La T° optimale d’élongation est toujours de 72 °C

A

Faux

La T° optimale d’élongation dépend de l’enzyme polymérase utilisés. Pour la Taq polymérase c’est 72°C mais elle doit être confirmé avec le fabriquant pour les autres.

51
Q

Pourquoi un temps de dénaturation de 20-30 secondes à 94°C est suggéré dans une réaction de PCR?

A

Il est important de ne pas fatiguer la polymérase à haute température.
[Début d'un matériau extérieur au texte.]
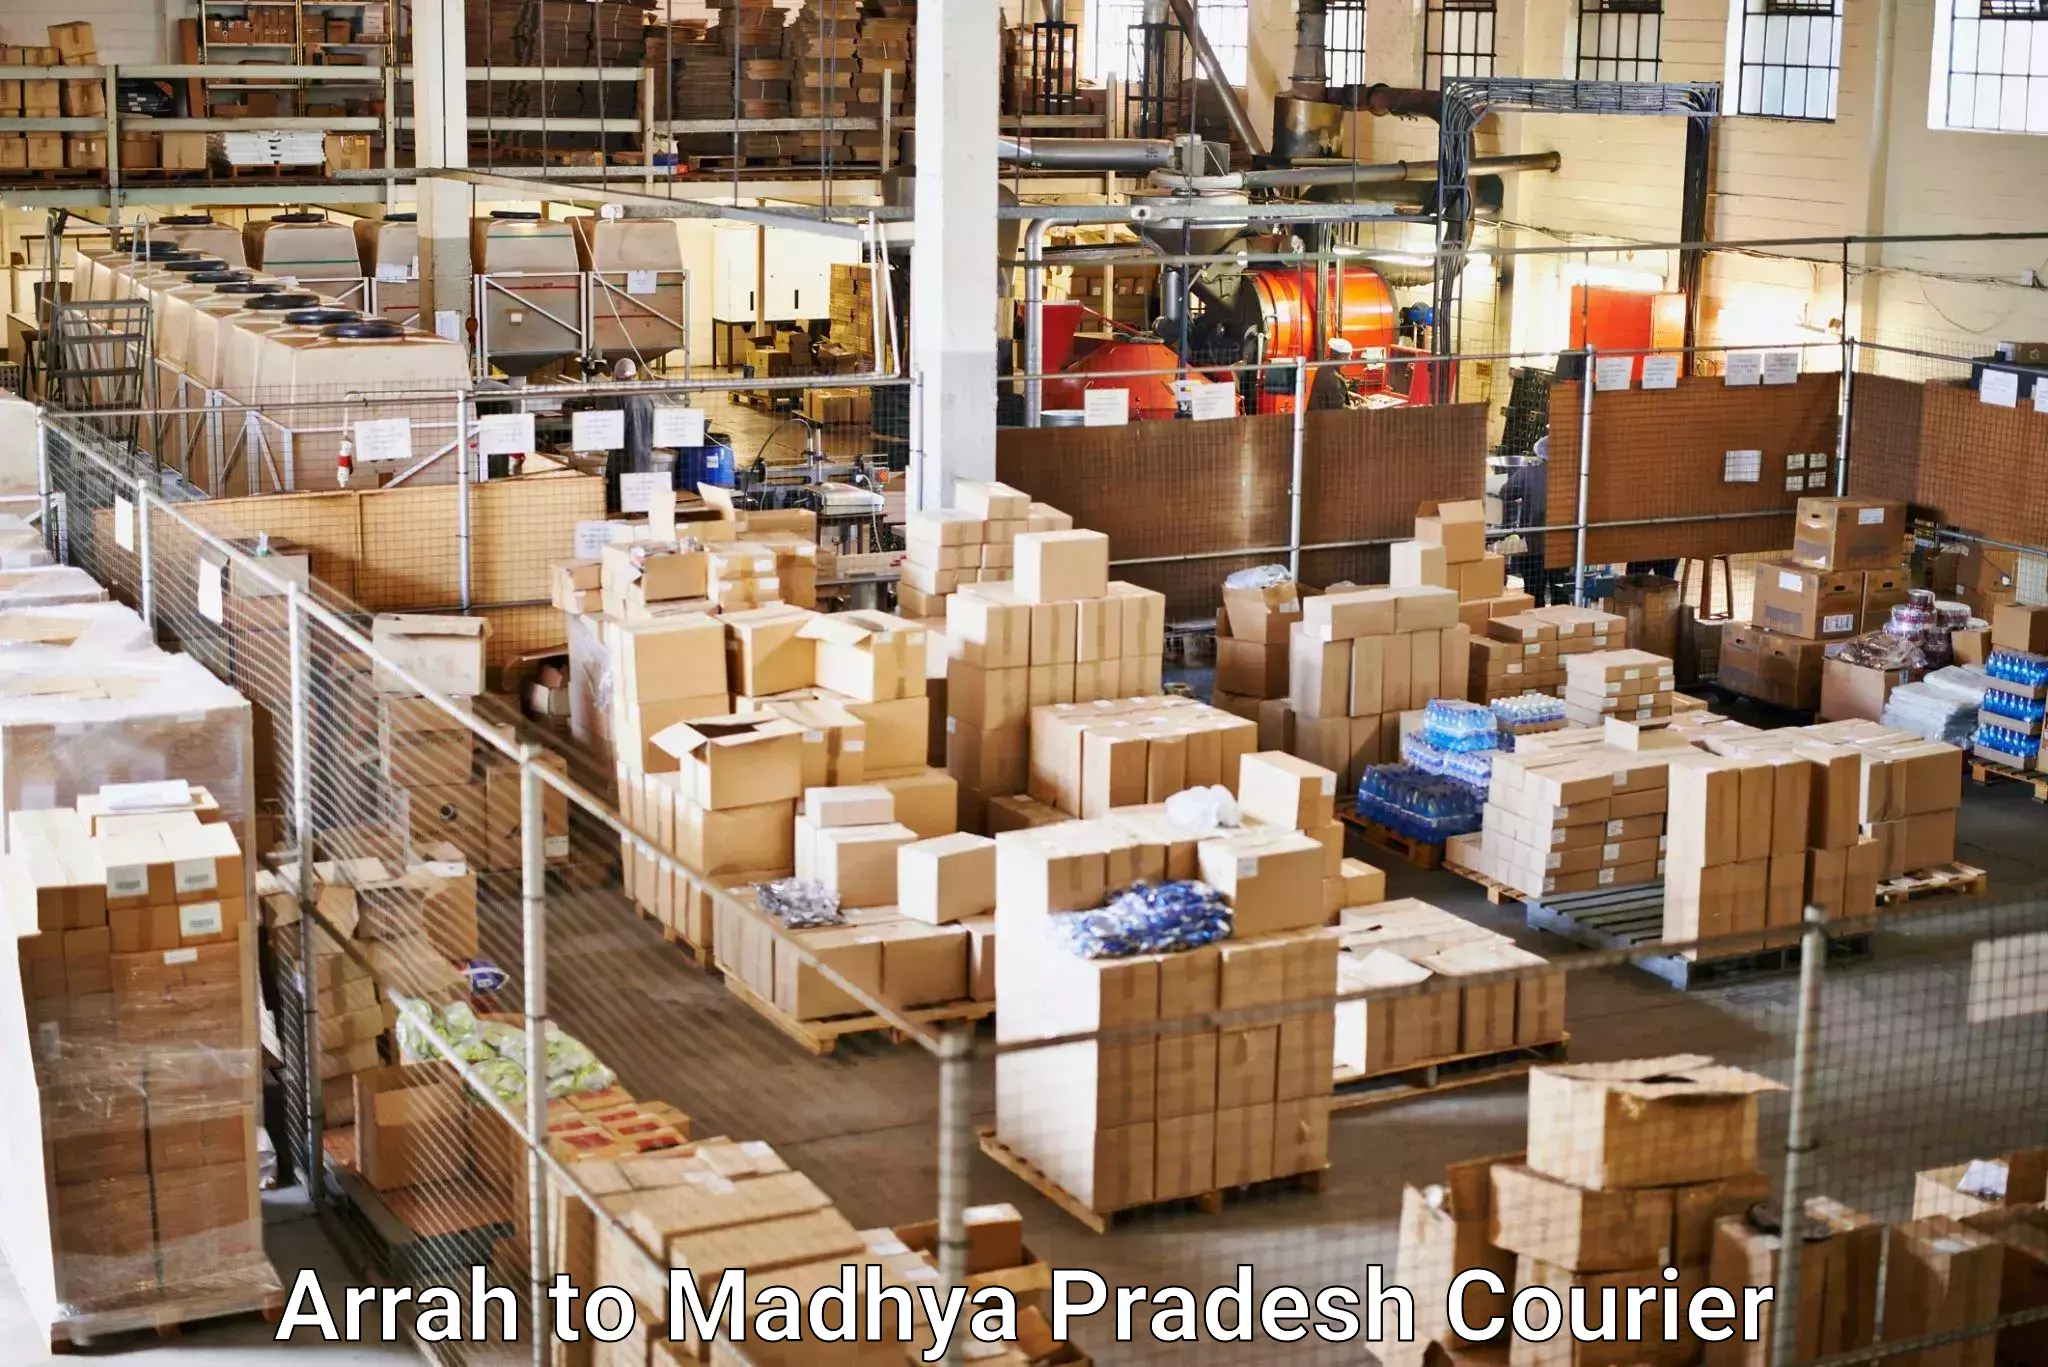 24-hour courier service Arrah to Vidisha

Un temps maximale de 30 secondes est suffisant pour dénature l’échantillon et la polymérase maintient son activité optimale.

52
Q

Quel serait l’impact si on Diminue ou Augmente le temps d’hybridation dans la réaction de PCR? (normalement 20-30 secondes)

A

Temps diminuer = provoque une faible amplification

Temps augmenter = provoque une amplification non-spécifique

53
Q

Quel serait l’impact si on Diminue ou Augmente la Température d’hybridation dans la réaction de PCR? (normalement T° = Tm -5°C )

A

T° diminuer = amplification non-spécifique

T° augmenter = amplification plus faible

(les conséquences sont inversement proportionnel au temps)

54
Q

Quel serait les conséquences d’une faible concentration d’ADN cibles dans une réaction de PCR?

A

Ça provoque une amplification plus faible

55
Q

Quels seraient les conséquences d’une forte concentration d’ADN cibles dans une réaction de PCR?

A

1) augmentation considérable de l’amplification non-spécifique
2) Provoque un effet de dilution avec les autres composants du mélange: l’augmentation d’ADN cible fait en sorte que l’amplification est beaucoup plus faible et une dilution de la spécificité.

56
Q

Sur gel d’électrophorèse post-PCR, Que signifie la présence d’une trainer blanchâtre ?

A

Ça représente une amplification non-spécifique, l’effet de dilution peut annuler la présence d’ADN cible.

57
Q

Quel serait l’impact d’une Diminution ou d’une Augmentation de la concentration de MgCl2 dans une réaction de PCR?

A

Diminution = amplification plus faible

Augmentation = favorise le non-spécifique car ça agit comme une colle pour les amorces sur l’ADN.

58
Q

Quel serait l’impact d’une Diminution ou d’une Augmentation de la concentration des amorces dans une réaction de PCR?

A

Diminution = amplification plus faible

Augmentation = amorces vont coller à des séquences non-spécifique et donc favoriser l’amplification non-spécifique

59
Q

Quel serait l’avantage d’augmenter le temps d’élongation au fur et a mesure que la réaction de PCR avance?

A

Comme il y a de moins en moins de briques disponible pour la constructions de nouvelles molécules, augmenter le temps faciliterait le travail de la polymérase et comme ça on s’assure que tous les produits amplifier seront complets.

60
Q

Qu’est-ce qui dicte la température d’élongation utiliser dans la réaction de PCR?

A

ça dépend de l’enzyme ADN polymérase utiliser pour la réaction. Certaine sont plus rapide que d’autre, mais l’ensemble des polymérases travaille entre 68-75 °C. Avec la Taq polymérase, la T° optimale est de 72°C

61
Q

À quoi sert l’étape d’élongation finale de 7 minutes à la fin de la réaction de PCR?

A

Cette étape permet de s’assurer que tous les produits amplifier durant la réaction sont tous double brin et entier.

62
Q

Durant le laboratoire, la température d’hybridation utiliser pour les amorces PCR1 et PCR2 était de 8-9 °C au dessus des leur Tm. (66°C pour un Tm de 57-58°C). Quels sont les 3 modifications possibles des conditions expérimentale qui peuvent compensé l’augmentation de la T° ?

A

1) Augmenter la concentration des amorces
2) Augmenter le concentration de MgCl2 >1,5mM
3) Augmenter le temps d’Appariement.

c’est 3 conditions favorisent le non-spécifique qui permettrait de balancer la trop grande augmentation du spécifique et donc compensé la diminution de l’amplification.